Law ‘facially unconstitutional,’ judge says

TALLAHASSEE, Fla. – A Florida judge temporarily blocked a new 15-week abortion ban days after it took effect in the state. But a state appeal means the court’s order has automatically been stayed, keeping the law in place for the time being.

It was an expected move following an oral ruling last week in which the judge said the law violated the privacy provision of the state constitution.

Judge John C. Cooper issued the order Tuesday following a court challenge by reproductive health providers who say the state constitution guarantees a right to the procedure.

The decision came as abortion laws change at a frenzied pace across the country following the U.S. Supreme Court overturning the landmark Roe v. Wade decision.

In his order, Cooper called the law “facially unconstitutional.”

He said that he believes his written order is not affected by the recent U.S. Supreme Court decision ending 50 years of federal abortion rights, because the “right to privacy under the Florida Constitution is broader in scope than any private right under the United States Constitution.”

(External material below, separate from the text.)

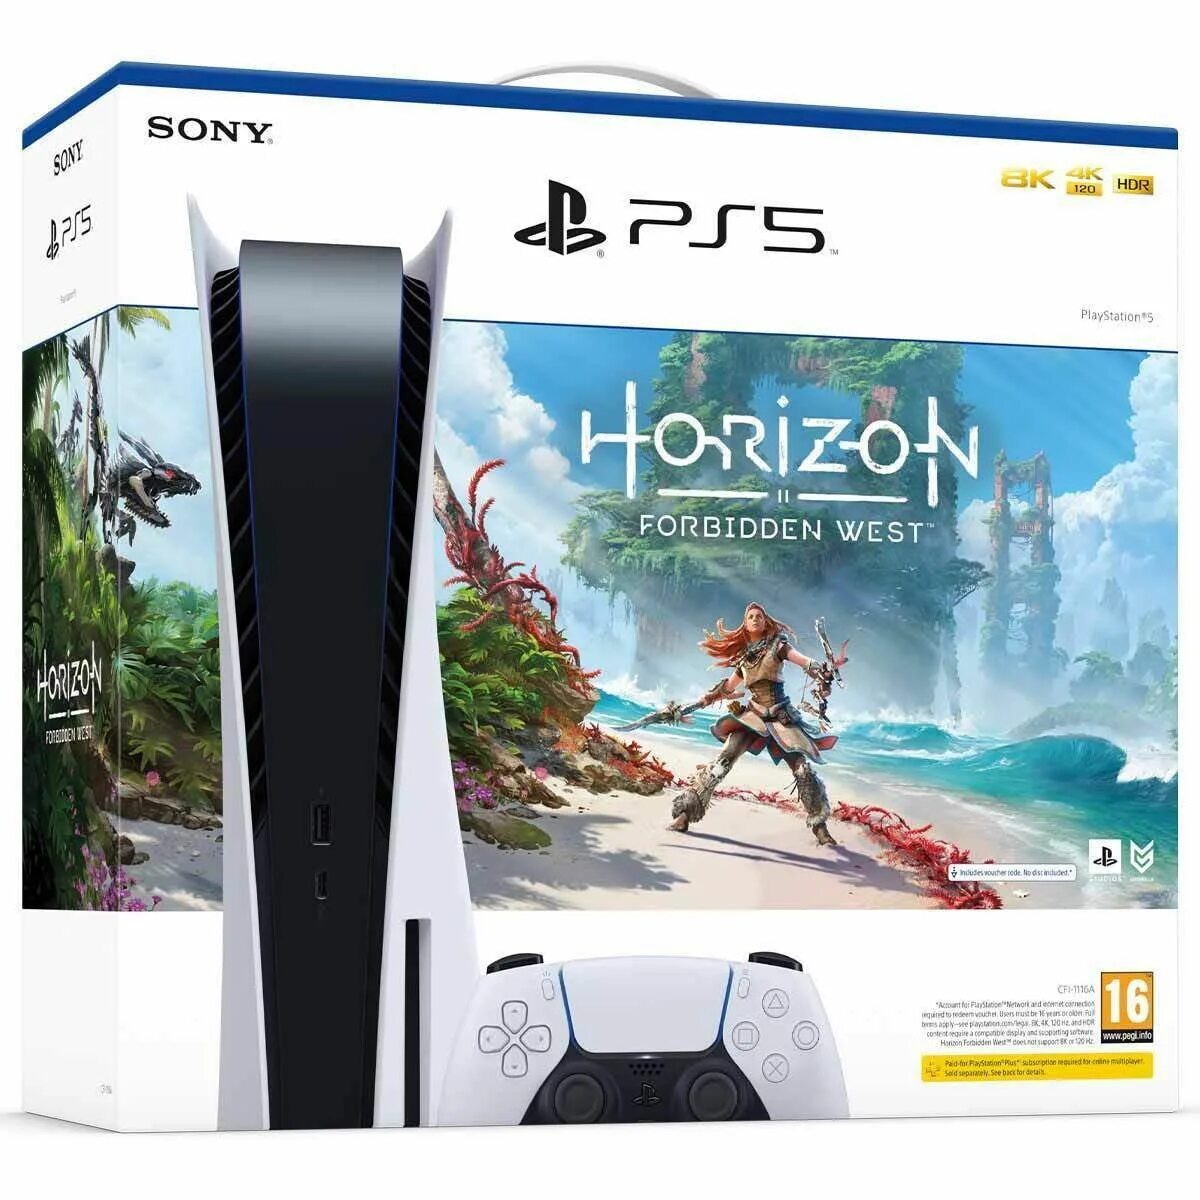 Игра horizon ps5. Sony PLAYSTATION 5 Blu-ray Edition. Sony PLAYSTATION ps5 Console. PLAYSTATION 5 Horizon Forbidden West Bundle. CFI-1116a PLAYSTATION 5.

Cooper also wrote that the Florida Supreme Court also determined that women have a right under Florida’s privacy clause to decide whether to terminate a pregnancy at least until fetal viability.

A legal analyst with an expertise in reproductive rights explained what underpinned the judge’s reasoning, nothing that the state constitution explicitly includes one feature the federal constitution lacks.

“The major difference between the U.S. Constitution and the Florida Constitution is that the U.S. Constitution doesn’t have that explicit right to privacy in it,” Carolina Mala Corbin, a law professor at the University of Miami, said. “The Florida Supreme Court has held more than once that the right to privacy in the conditions extends to protection for abortion. Lower courts are bound to follow.”

The state argued during the hearing that with the majority of abortions being performed under 15 weeks, HB5 will have no effect at all for most women seeking an abortion, much less cause a “significant restriction.”

Dr. Shelly Tien, a witness for the plaintiffs, told the court many fetal anomalies are not evident until after 15 weeks.

In his written order, Cooper states that HB5 bans “with extreme limited exceptions, pre-viability abortions that were previously allowed under Florida law, thus imposing a burden on the state to justify that law.”

Florida’s law had gone into effect Friday before being blocked. The state quickly filed an appeal of Cooper’s decision, meaning the law was blocked for exactly 39 minutes Tuesday.

This owes to a rule automatically putting injunctions on hold once the state appeals.

Daniel Tilley, the legal director for the American Civil Liberties Union, told Local 10 News shortly after the ruling the organization planned to file a motion with the lower court to lift the automatic stay.

The ACLU filed its motion on behalf of Planned Parenthood shortly after.

“We are entitled to an injunction because we are likely to succeed on the merits of our case,” Tilley said, saying that overturning a decades-old legal precedent “would be a radical and horrific change in Florida constitutional law.”